Kontrolerzy wytykają kierownictwu MSZ, że w latach 2009-2013 kupiło aż 3,2 tys. sztuk mebli. Wydało na nie 4,4 mln zł. Stwierdzają m.in. "niecelowość, niegospodarność i nierzetelne planowanie zakupów". Ich zdaniem inne urzędy kupowały meble trzykrotnie tańsze.
- Kontrola zakupów wyposażenia w MSZ nie stwierdziła naruszenia prawa i to jest bardzo istotne. Kontrola miała szeroki zakres przedmiotowy i czasowy - obejmowała lata 2009-2013. Te kwoty, o których jest mowa w kontekście całości budżetu MSZ są to kwoty stosunkowo niewielkie, 0,3 proc., więc to nie jest prawda, że wydajemy gigantyczne środki na wyposażenie - powiedział Wojciechowski.
Zapewnił, że zalecenia kontroli są realizowane na bieżąco.
Dodał, że wszystkie zakupy w MSZ dokonywane są w jawnym, otwartym trybie przetargowym. - Prawo przetargowe niestety jest tak skonstruowane, że nie zawsze najlepsza oferta, najkorzystniejsza na zakup większej partii wyposażenia oznacza najniższą cenę jednostkową produktu.

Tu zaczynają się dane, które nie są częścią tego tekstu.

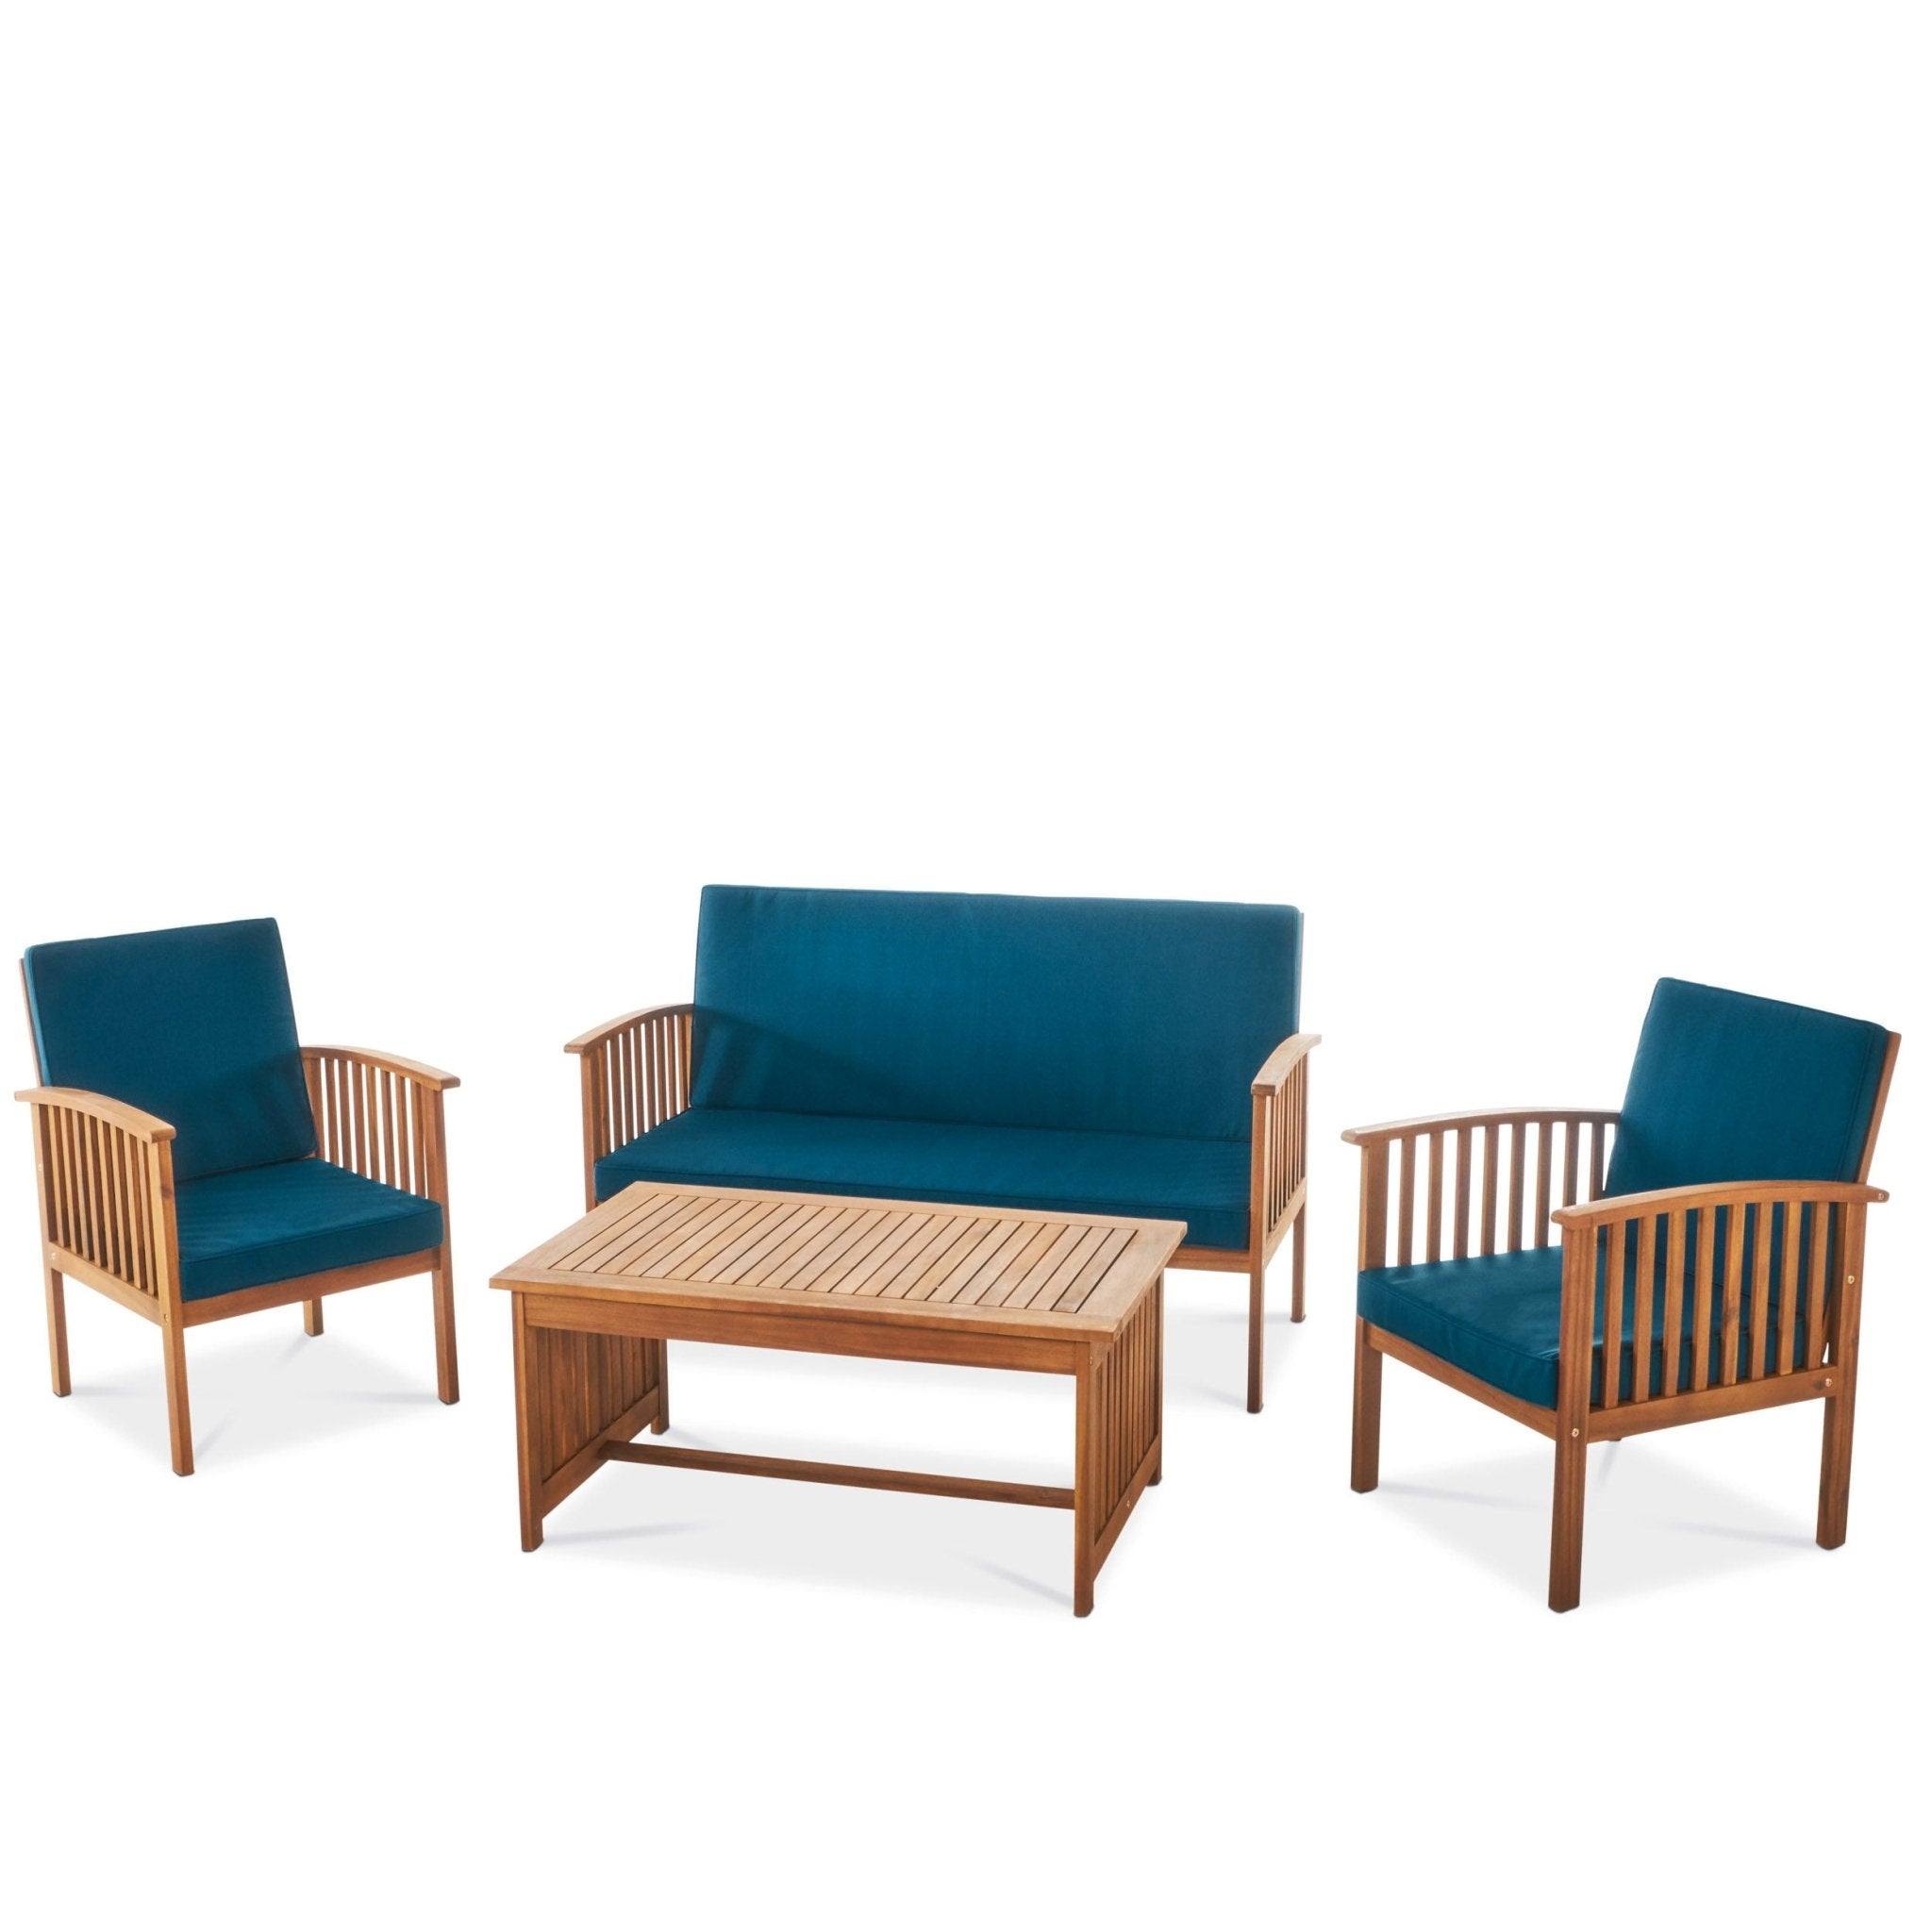 Prism 4-Piece Patio Sofa Set with Coffee Table, 2 Chairs and Loveseat, Teal Blue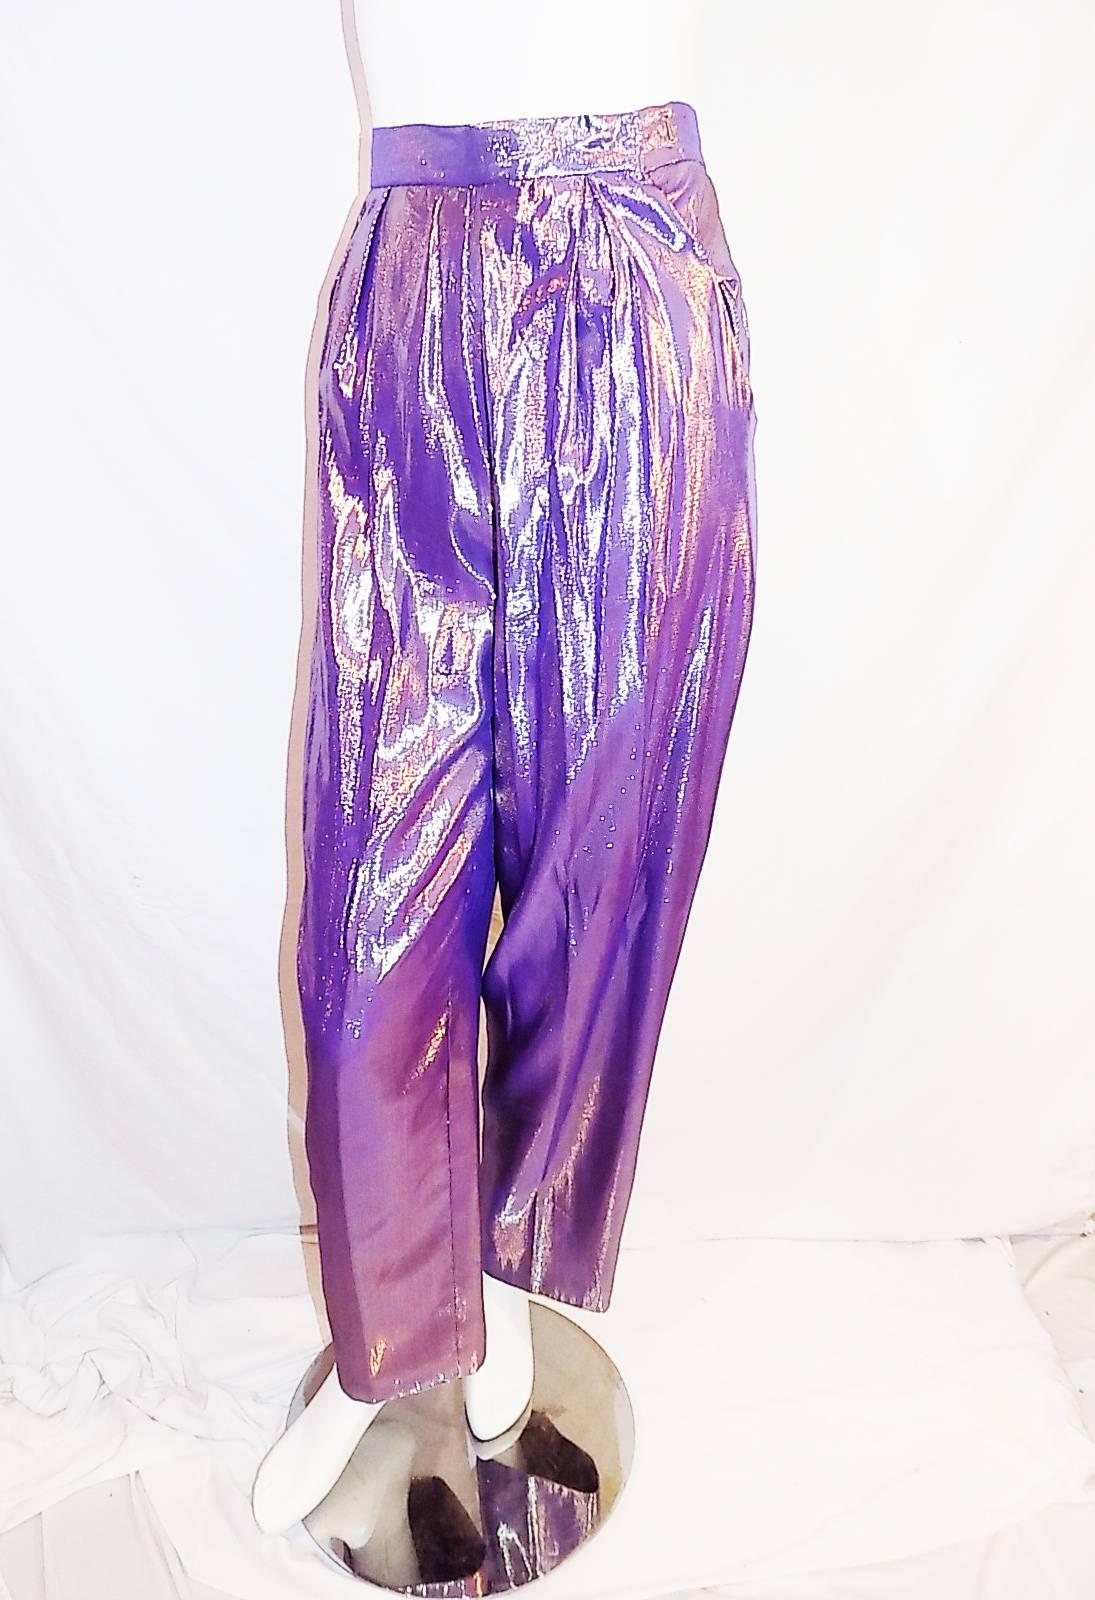 Giorgio Sant Angelo vintage lame purple pants disco era 70 In Excellent Condition For Sale In New York, NY

Zapewniam, że jeżeli chodzi o przetargi, wybrano najkorzystniejsze oferty - podkreślił rzecznik MSZ.
Jak dodał, MSZ przechodzi intensywną modernizację. - W ostatnich latach staramy się zmieniać oblicze polskiej dyplomacji. To powoduje konieczność zakupu nowego wyposażenia. Jeśli chodzi o skalę, to na jednego pracownika kupiono 1,99 sztuki nowego wyposażenia - dodał.
Wojciechowski zapewnił ponadto, że meble są cały czas rozdysponowywane.
Według "Rzeczpospolitej" wiele luksusowych mebli miało od razu lądować w magazynach. Tak stało się np. ze stołem kupionym na potrzeby polskiej prezydencji w Unii Europejskiej w 2011 roku za 174 tysiące złotych. - Zakupione meble nie zalegają w magazynach - podkreśla rzecznik resortu. - Wyjątkiem są przedmioty, które mają charakter szczególny, jak stół na prezydencję. To największy tego typu mebel w Polsce i naturalne jest, że się go używa rzadko. Z tego względu jest magazynowany i czeka na następną okazję - wyjaśnia Marcin Wojciechowski.